### Data
☆ ☆ ☆
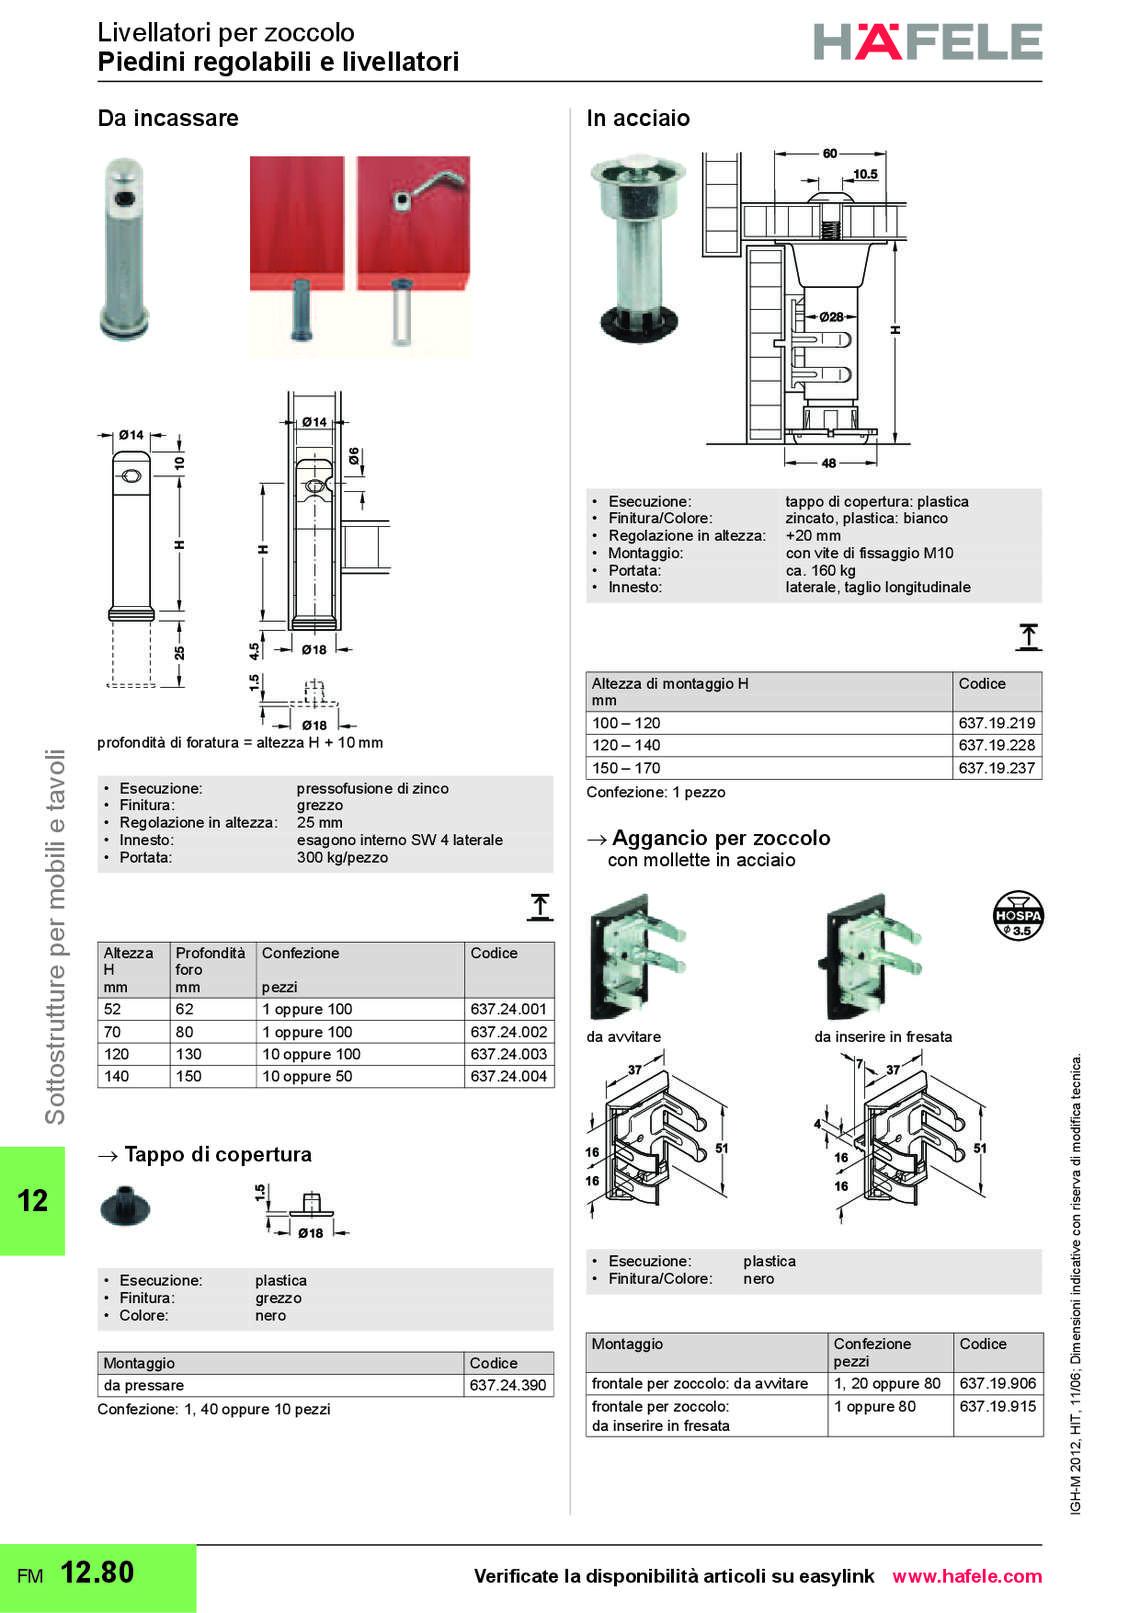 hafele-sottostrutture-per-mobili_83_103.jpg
☆ ☆ ☆
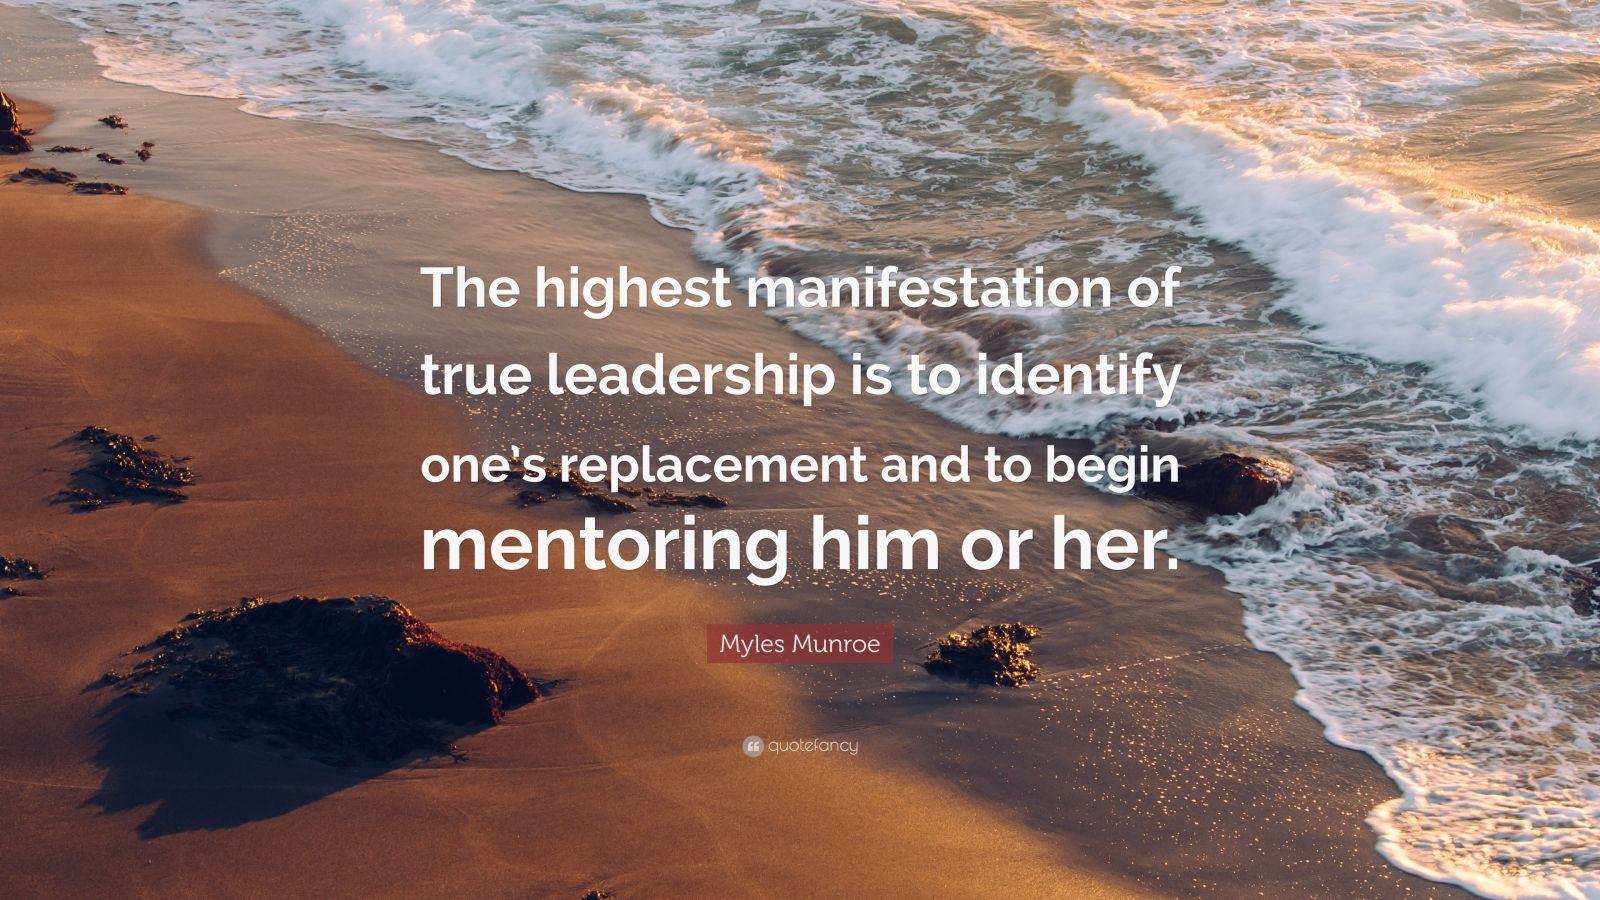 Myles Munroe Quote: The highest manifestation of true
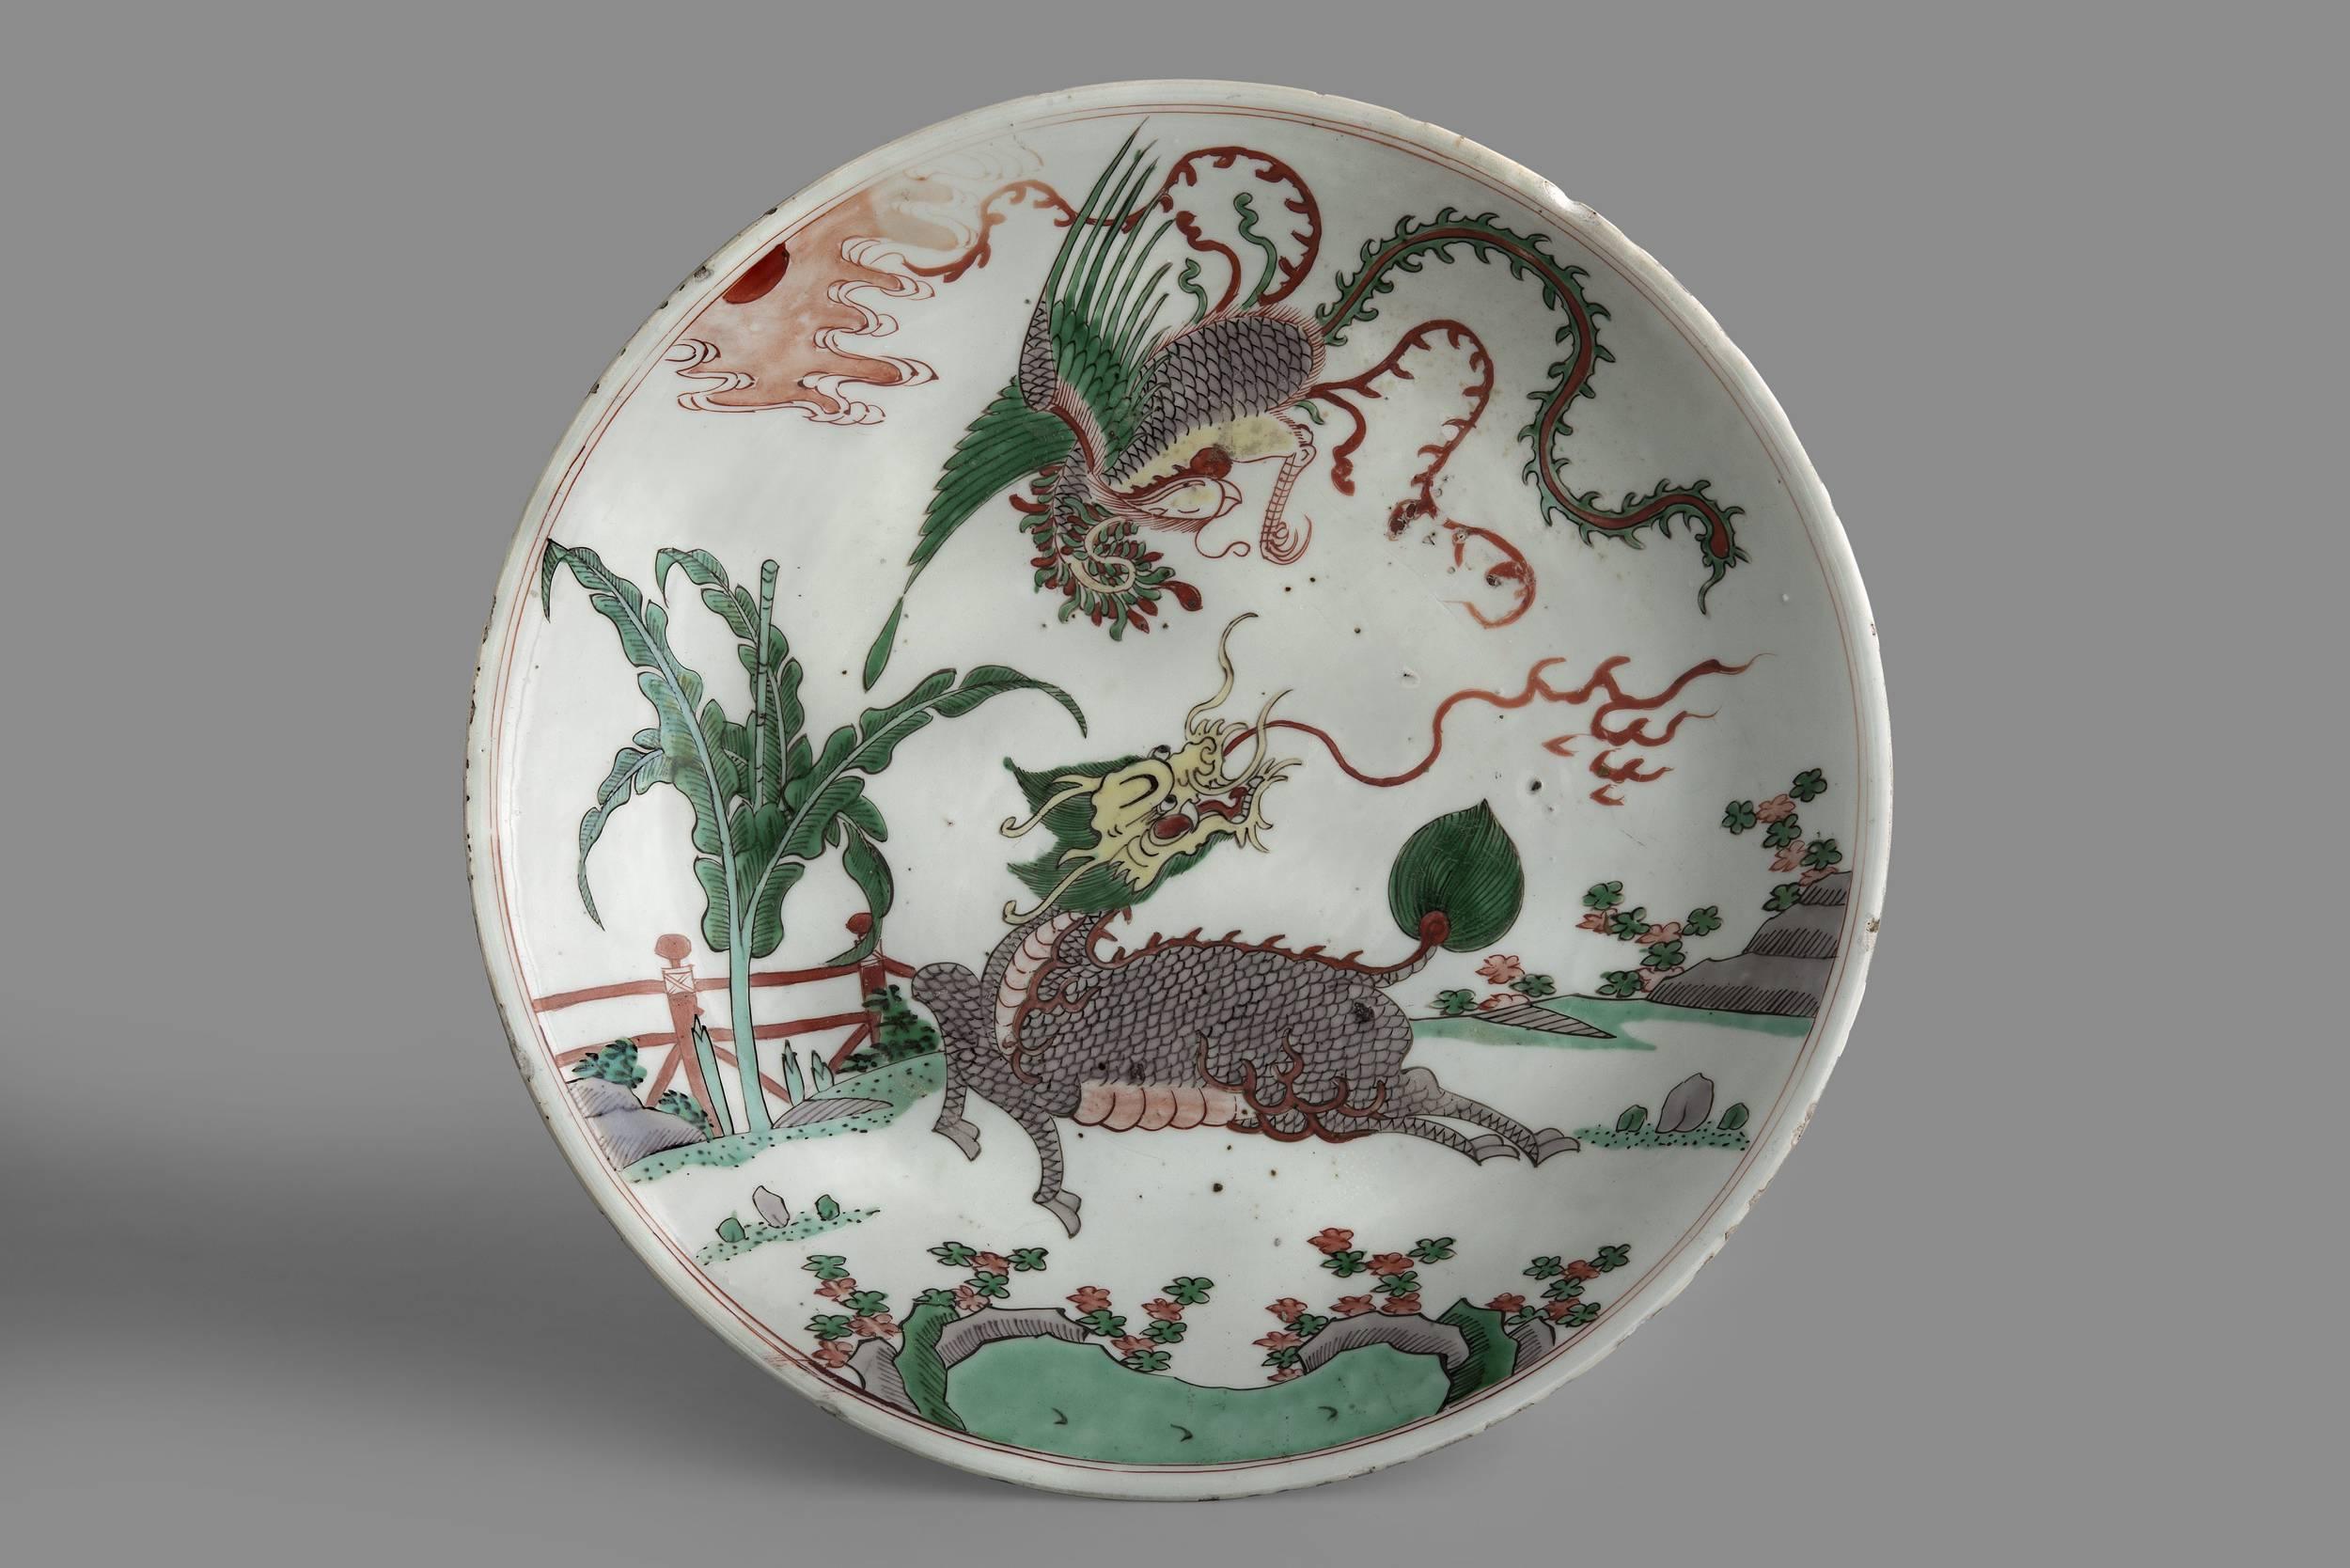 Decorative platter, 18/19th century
☆ ☆ ☆
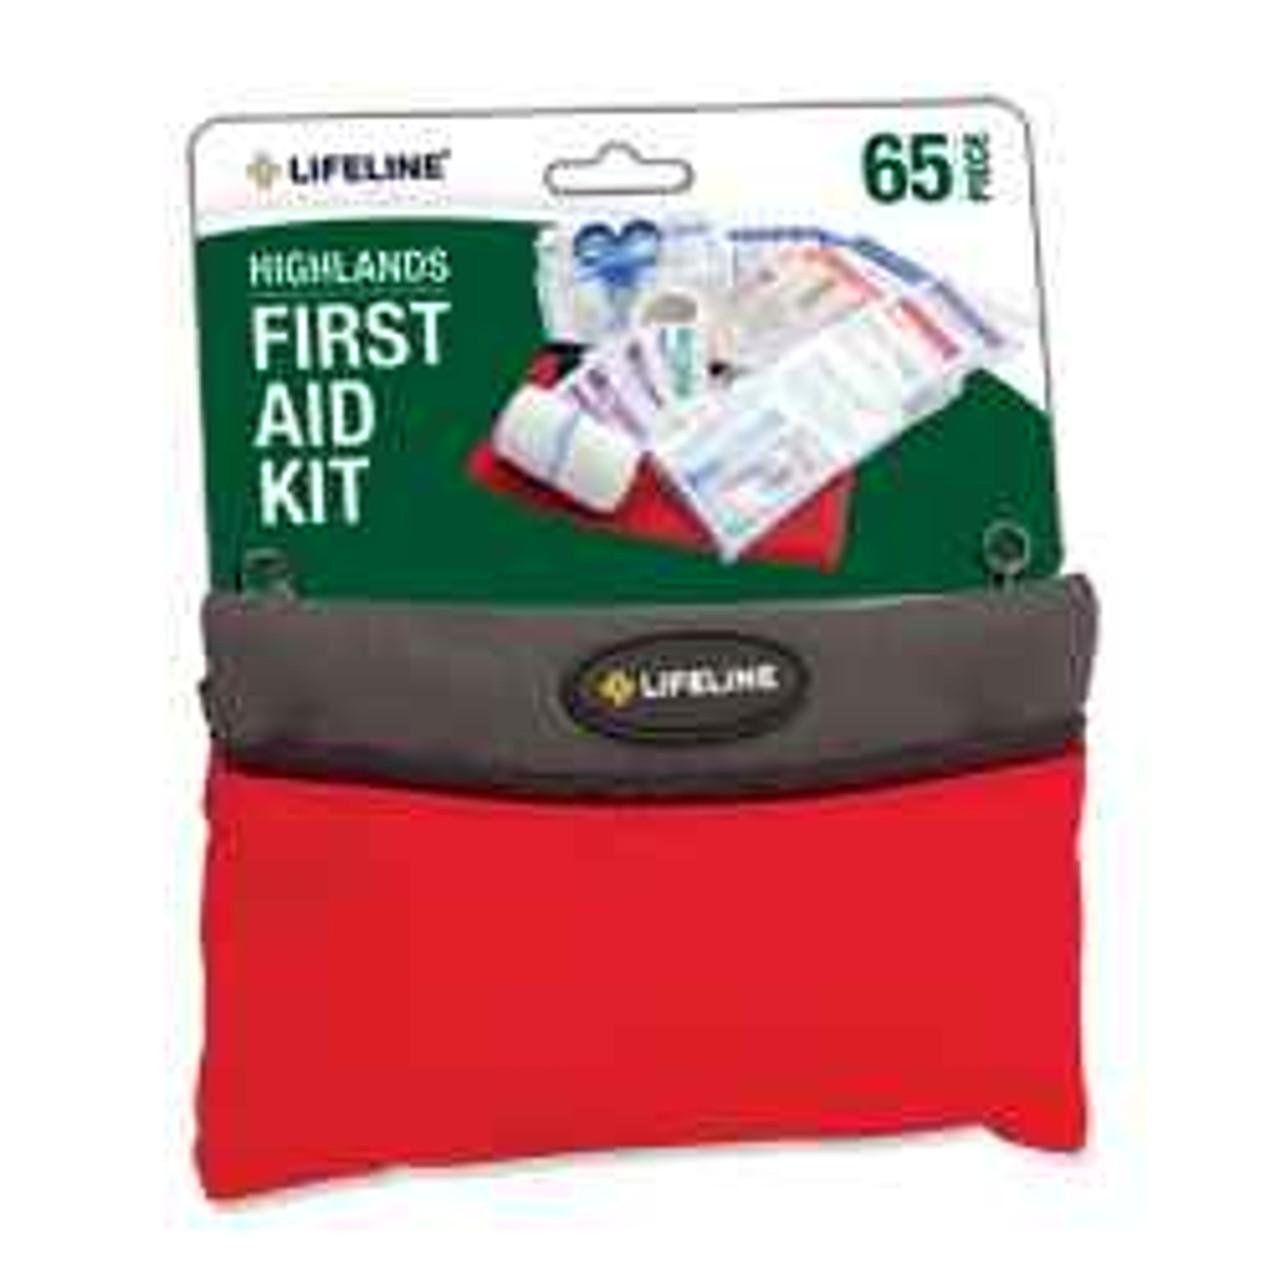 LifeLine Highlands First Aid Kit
☆ ☆ ☆
### Your instructions
Where a picture appears in the records above, omit it, and transcribe exactly the stretch of lines from the one with "Myles Munroe Quote: The" through the one with "Decorative platter, 18/19th century".

### Completed task
 Myles Munroe Quote: The highest manifestation of true
 Decorative platter, 18/19th century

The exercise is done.